Time to resurrect this thread. In my local copy, I've come up with a simulator-esque arrangement that produces expected ability usage over a given timeframe, but instead of taking the usual simulator approach and /randoming for all the events associated, it weights each possible outcome of combat with that outcome's probability; for example, each time the system adds an obliterate usage, it branches in two direction, one with a weight of rime probability * current weight with rime = true, and one with current weight - rime probability * current weight and rime = false. While this system produces very nice results, there's a glaring issue: it's O(2^N). I've worked around that somewhat by checking whether or not rime (or KM) are procced when the triggering event occurs, and by only updating probable ability usage when significantChange or needsDisplayCalculations are true, but the performance is still rather terrible, hence why I have not committed it.

However, I feel like there's almost certainly a better solution to the issue I'm running into (procs-on-ability that are independent of previous events and determine future events), and I suspect some of the other models have already solved this. Also, most of you are much better computer scientists than I; how can I make this not awful? Any hints?

Jan 8, 2010 at 5:01 PM

Partial removal of the ability it would replace the % of the time it would replace it, and add in the % of the replacing ability.
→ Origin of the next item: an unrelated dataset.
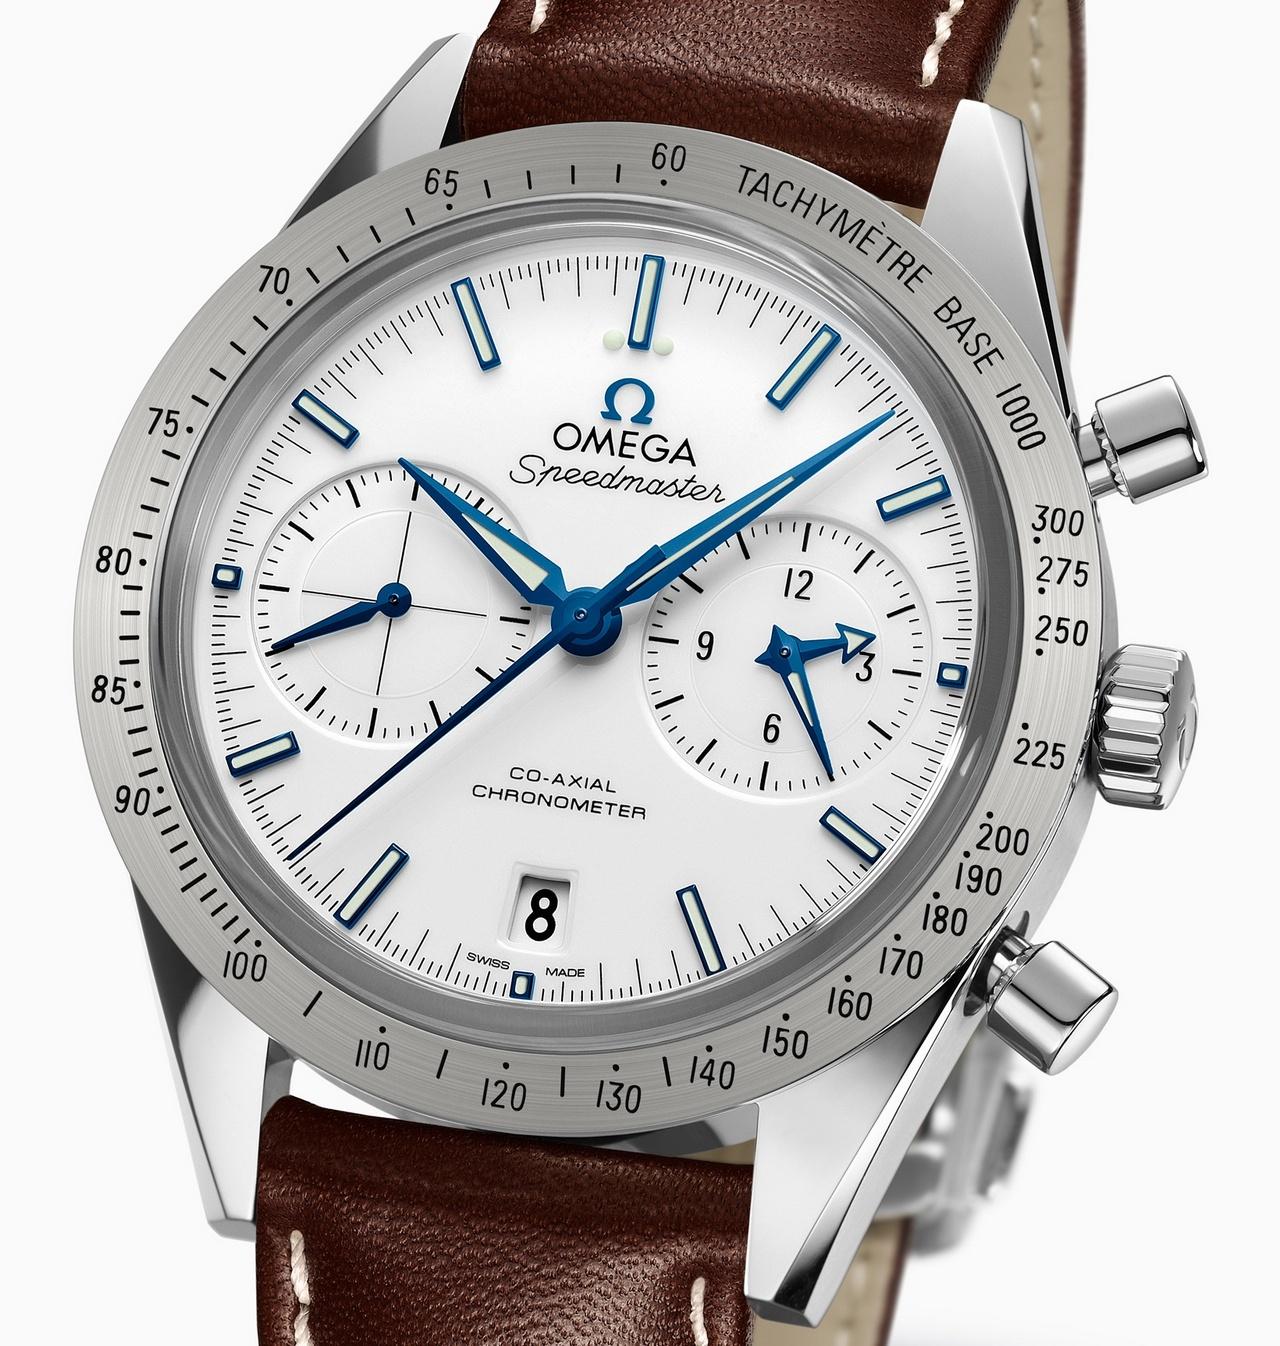 omega-speedmaster-57-co-axial-chronograph_0-100_30-100

If you have a 30% chance to Proc B, and that replaces A, you get 70% A and 30% B.

Improve for complexity.

Jan 8, 2010 at 9:52 PM

I think this is the problem that all the models face and it is the fundamental question of how to model your class. Unfortunatelly there is no simple answer. It all depends on what kind of abilities you have to model and how they interact with each other. Whether the focus is on scheduling, proc interaction, short-long term cooldowns and other complexities. Each has different ways to tackle them and usually to get a great model you'll have to combine different approaches unique to your model in trying to balance accuracy and efficiency.

One good approach to modeling proc and cooldown interaction is setting up a markovian state space, transitions and solving for stationary distribution. The hard part of this as some here have found out the hard way is that the state space can get very complex very fast and to get a workable solution you'll most likely have to partition the whole problem in several different ways, emphasising different aspects of it and solving each simplified subproblem and recombining the results into an overall solution.